Question of future capacity looms for shippers and carriers
Jeff Berman, Group News Editor -- Logistics Management, 11/1/2009
WALTHAM, Mass. — Despite some recent sequential increases in trucking volumes, capacity has steadily continued to leave the marketplace in recent quarters.
According to trucking analysts, the reasons for the capacity exodus vary, but they generally come back to common refrains, including low demand and consumer spending in conjunction with tight credit markets. It’s this state of capacity in 2009 that has many in the industry wondering if there will be enough once the economy rebounds.
In fact, many believe there won’t be nearly enough to meet future demands. According to FTR Associates President Eric Starks, when the economy fully recovers, the capacity picture won’t be pretty. As demand returns, said Starks, carriers will be found scrambling. “Carriers are not going to add capacity ahead of time, because that requires cash on hand and freight to move,” he said.
While the signals appear somewhat ominous, there are some signs that things are improving on the capacity front, according to a recent report by Avondale Partners analyst Donald Broughton. In his report, Broughton notes that in the second quarter Avondale estimates that 370 companies with an average fleet size of 18 pulled 6,725 trucks from the road—less than 0.4 percent of the nation’s over the road heavy duty truck capacity. This is the lowest number of companies recorded and the smallest average company size recorded since the first quarter of 2007, Broughton explained.

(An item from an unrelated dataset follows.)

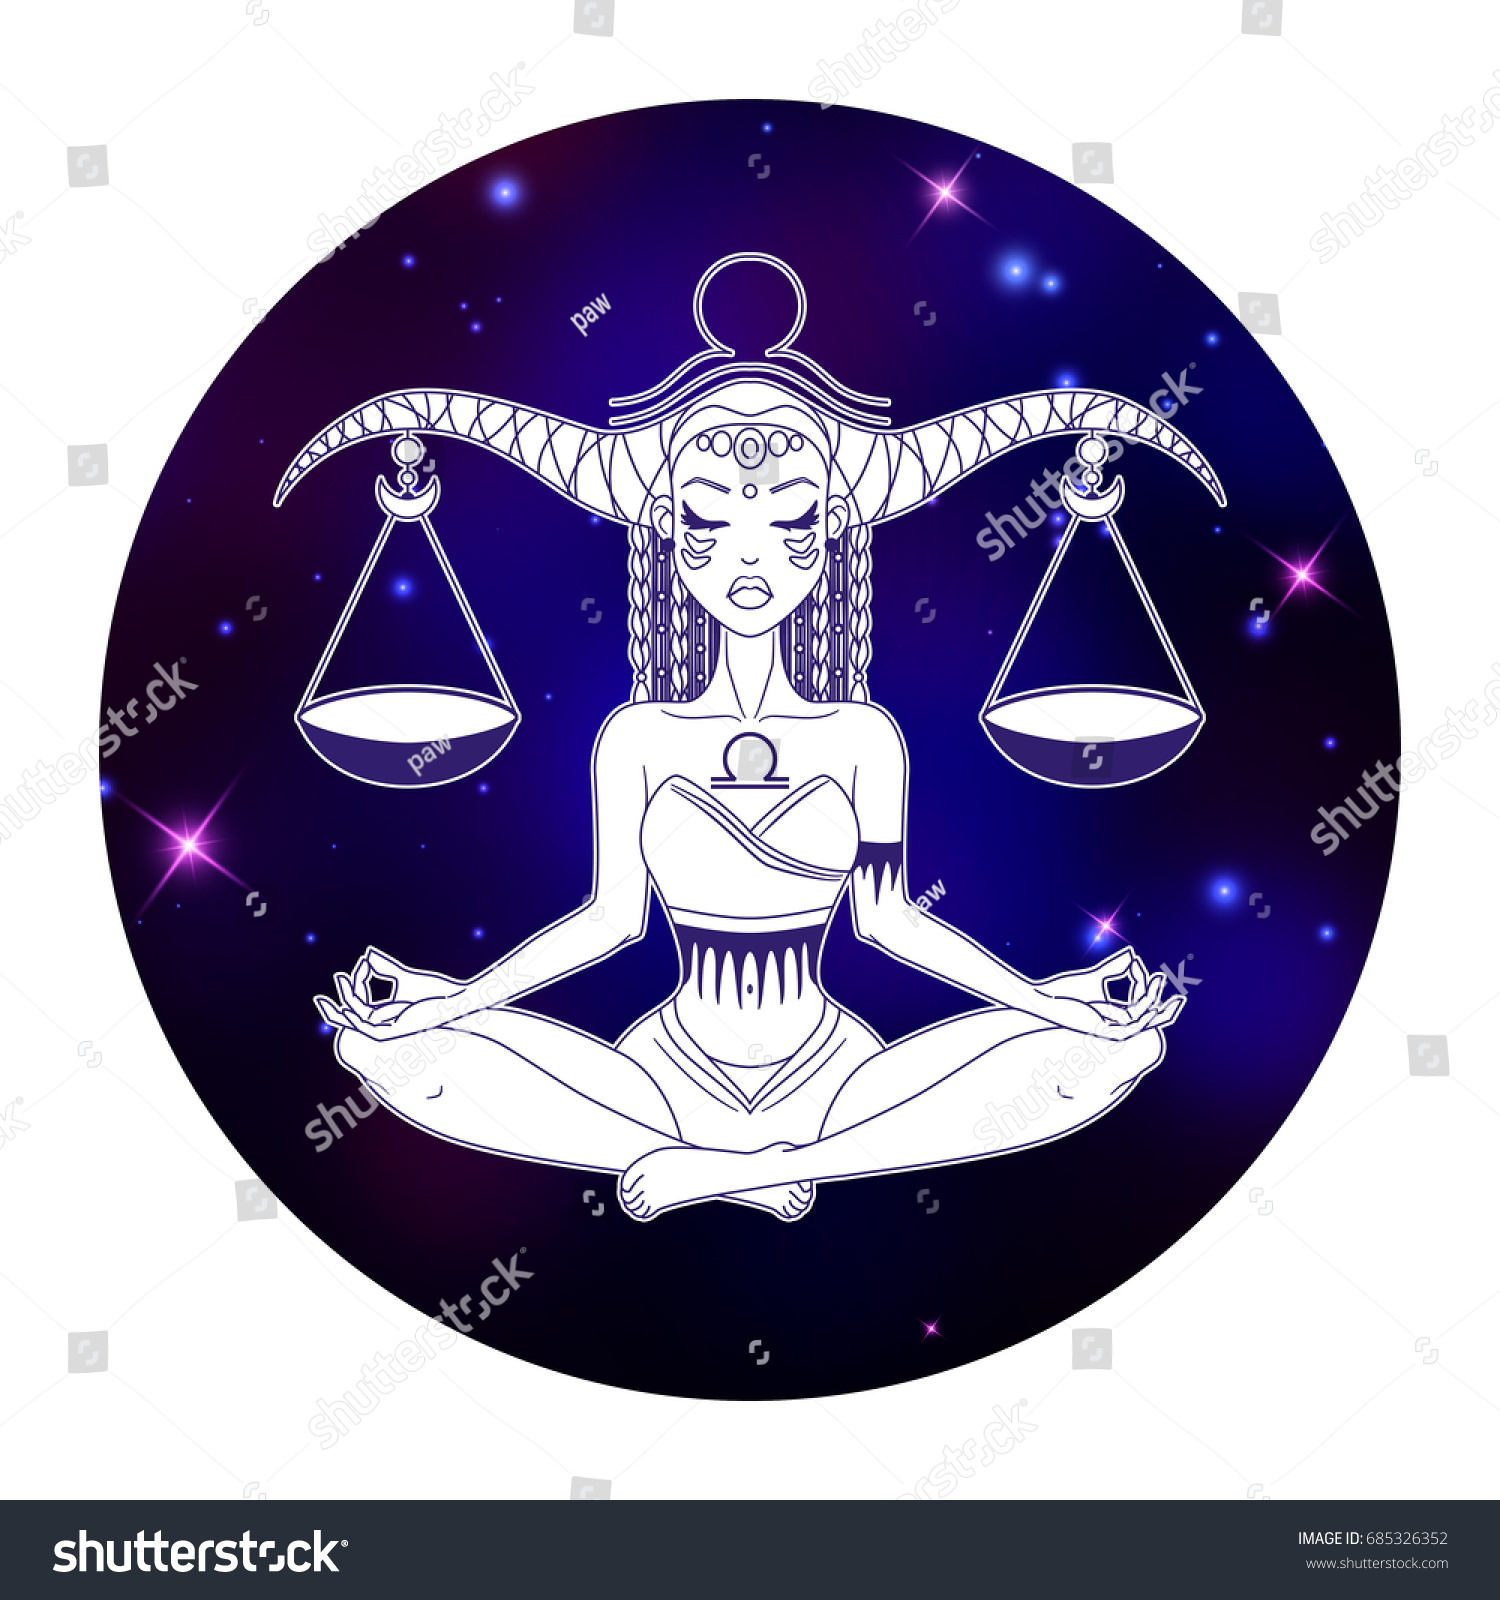 Libra zodiac sign horoscope symbol vector stock vector 685326352 libra zodiac sign horoscope symbol vector illustration biocorpaavc Choice Image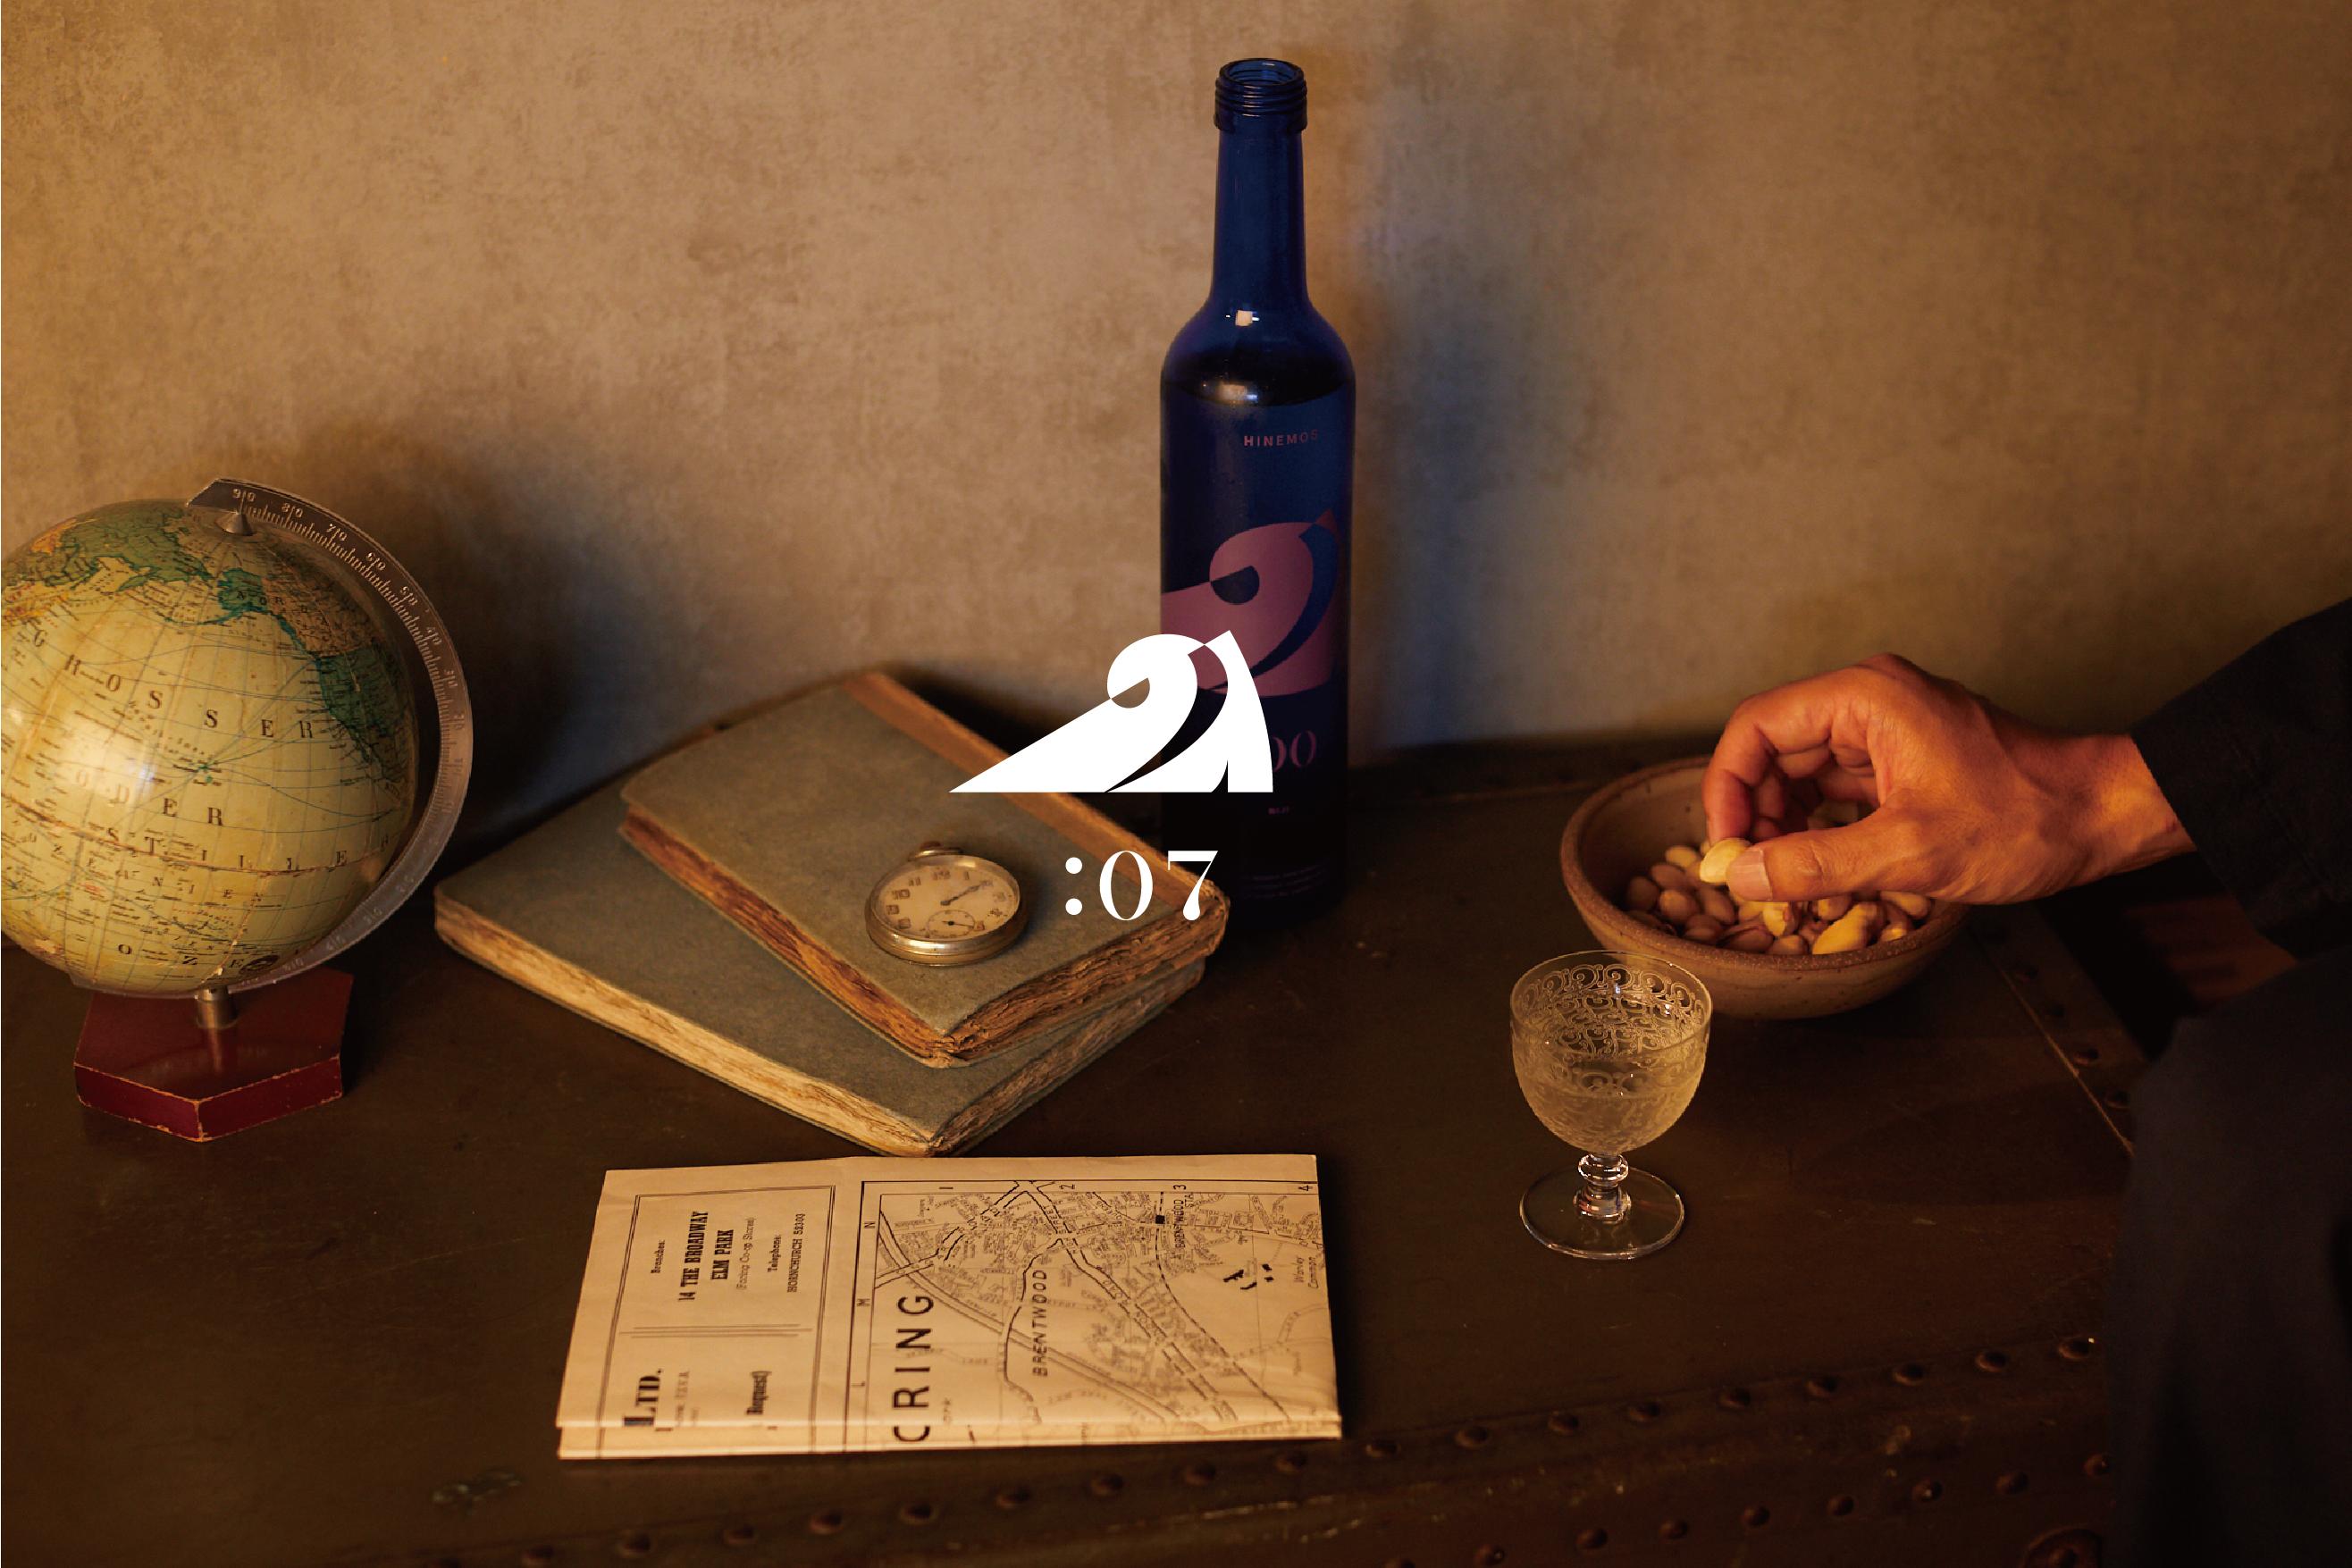 HINEMOSを酒プロジェクトがご紹介します。

“The rate of companies failing is less than 40 percent of what it was in the second quarter last year. And with the drop in the average size of fleet (from 47 to 18), the total number of trucks being pulled from the road is less than 15 percent of last year’s second quarter rate,” wrote Broughton. “This estimate does not include the industry wide trend, especially in larger fleets, to rationalize the size of their ongoing fleets. However, it does represent a marked decline from the 46,025 trucks pulled from the nation’s highways in the second quarter of 2008.”
Even with these encouraging signs, larger problems loom when it comes to truck tonnage levels—and capacity—returning to healthy and productive levels. As things stand, tonnage is still well below last year’s levels, with the American Trucking Associations reporting that its advance seasonally-adjusted for-hire truck tonnage measure has been up on a sequential basis three of the last four months.
As for how things look going forward in terms of the overall health of the trucking industry, it’s clear that more time is needed before order is truly restored.